** Stored data **
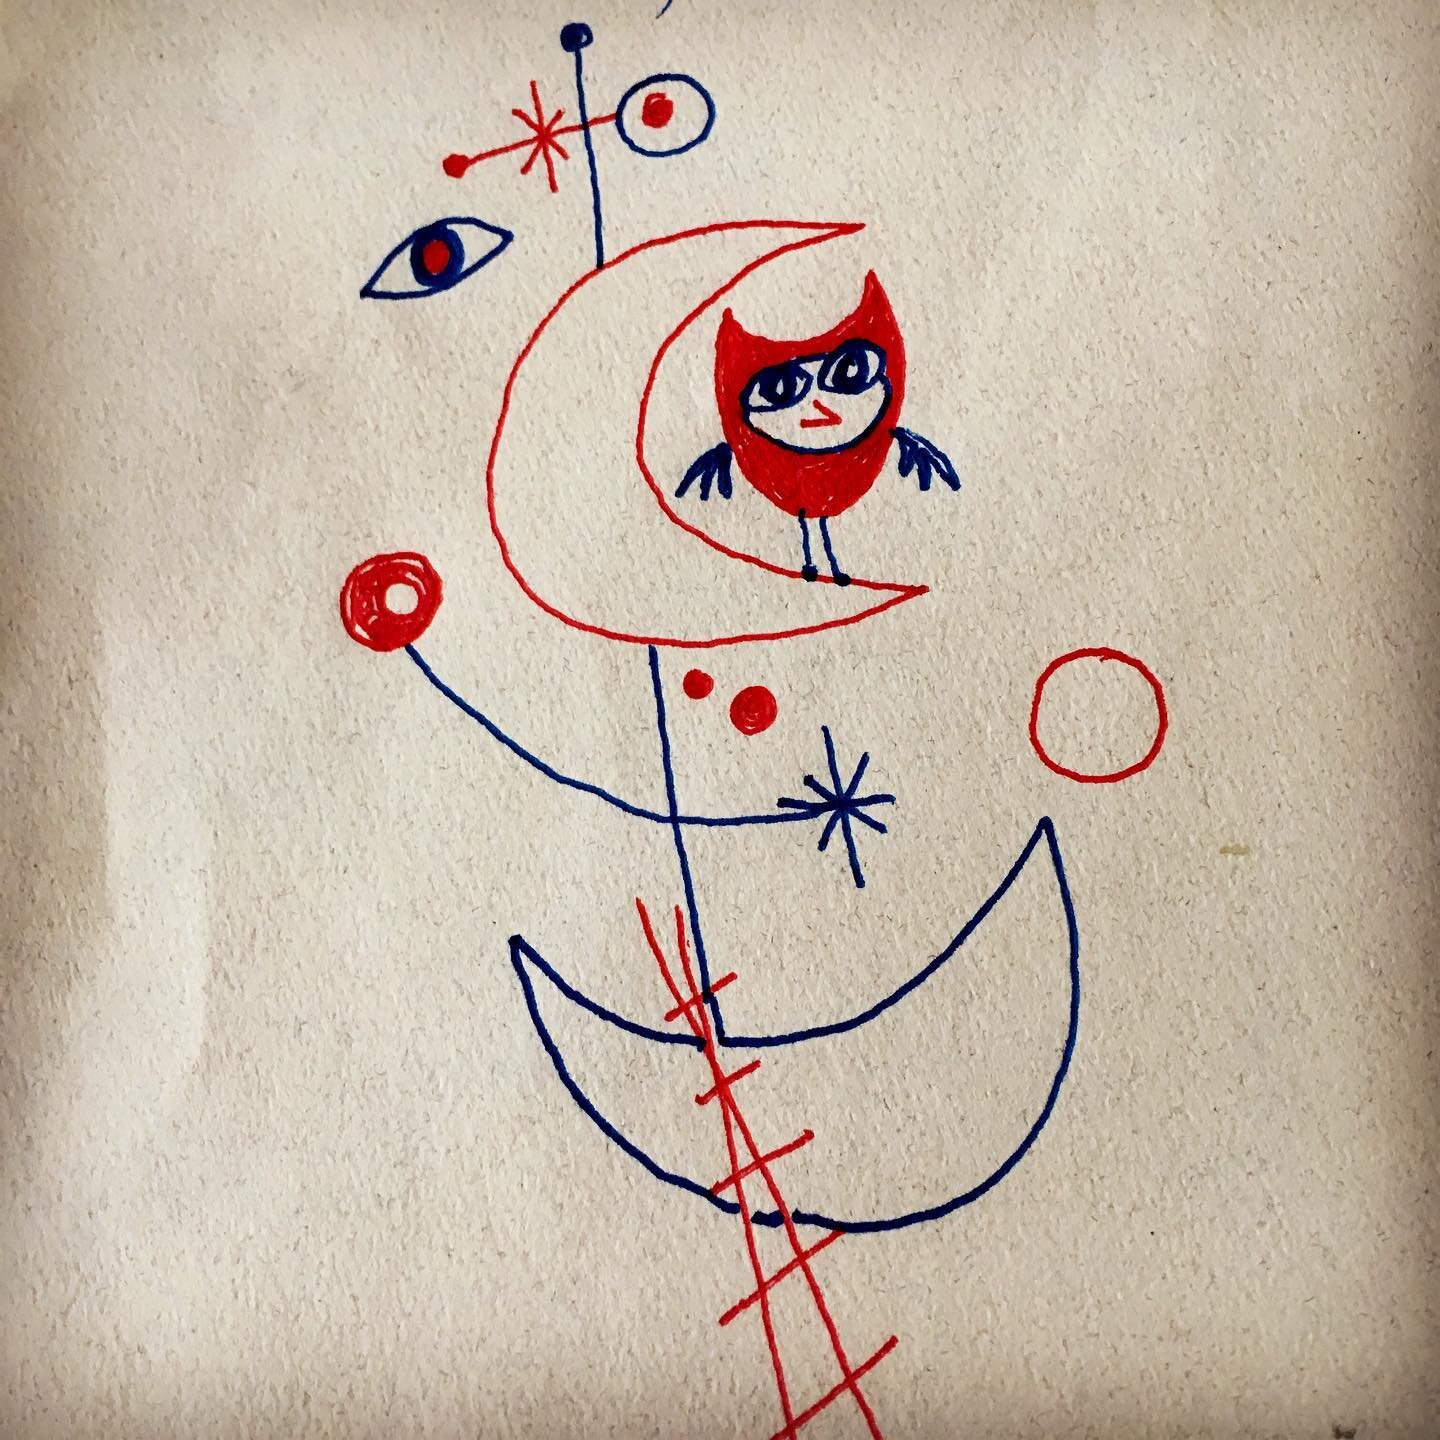 Owl and Gymnop&eacute;die
#owl #gymnopedie #redandblue #doodle #drawingoftheday #friends #love
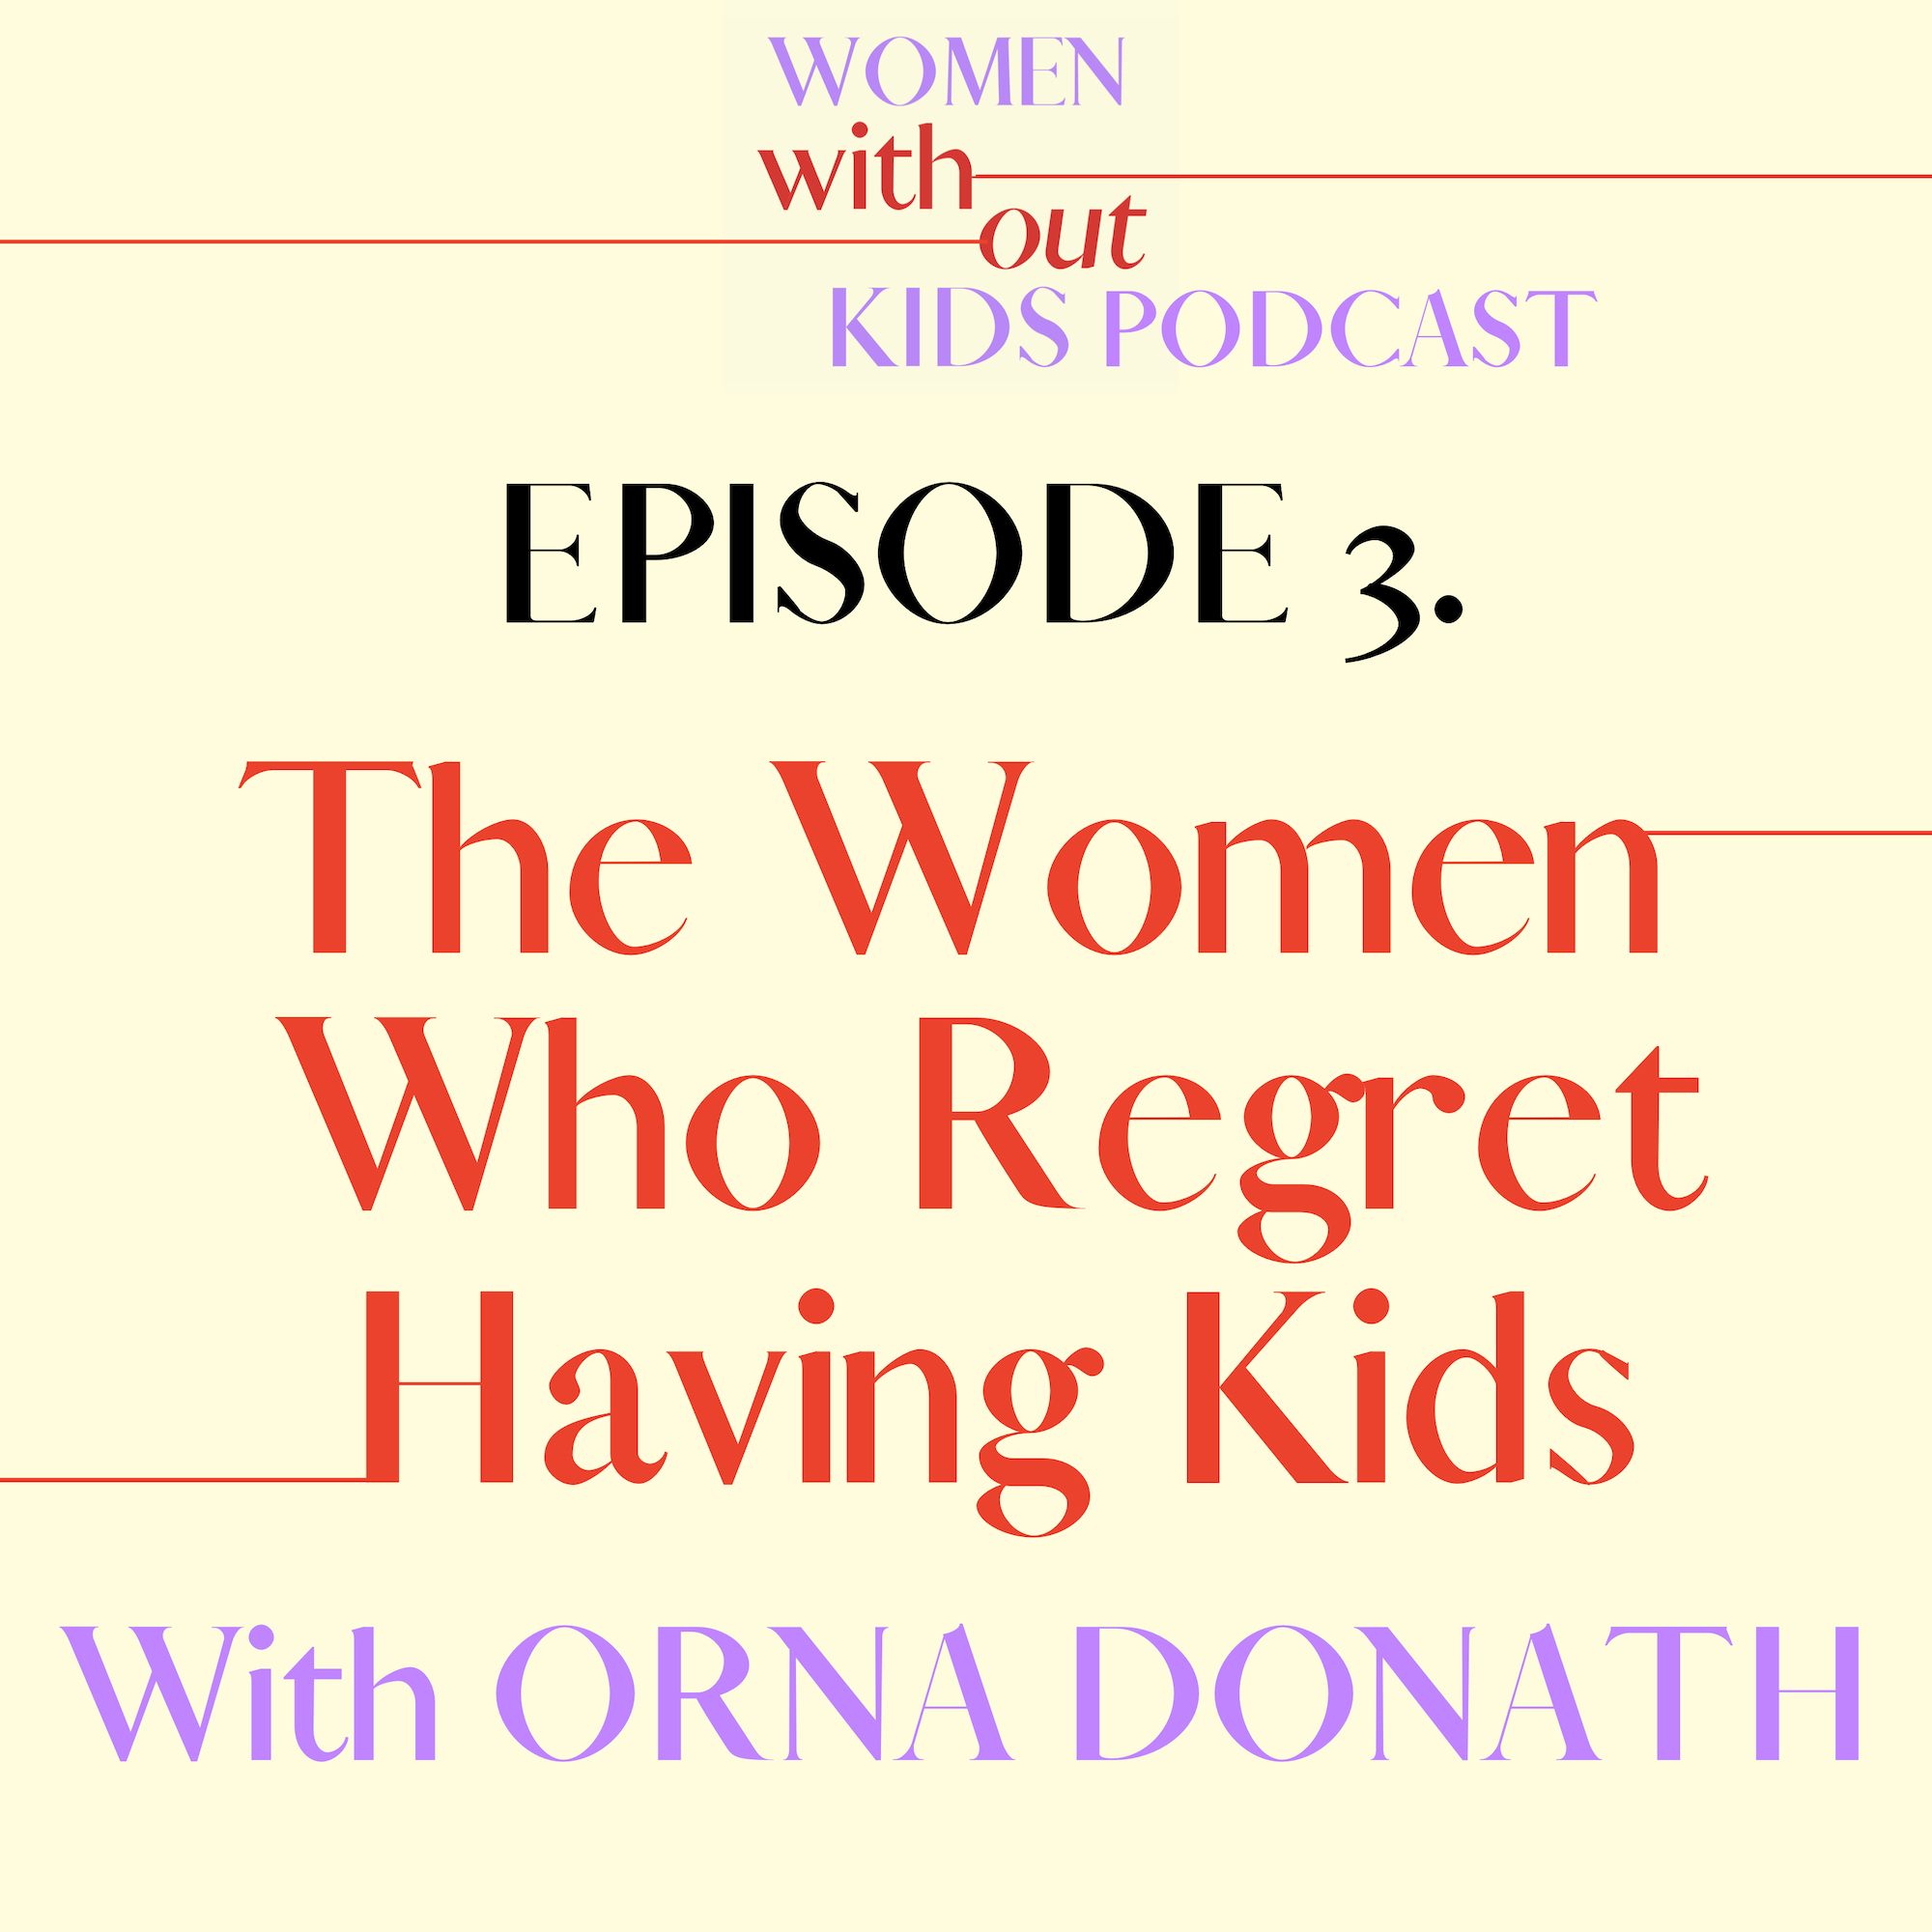 Orna Donath women without kids podcast regretting motherhood

** Your task **
When copying the material, leave every image behind and keep each line verbatim.

** Solution to the exercise **
 Owl and Gymnop&eacute;die
#owl #gymnopedie #redandblue #doodle #drawingoftheday #friends #love
 Orna Donath women without kids podcast regretting motherhood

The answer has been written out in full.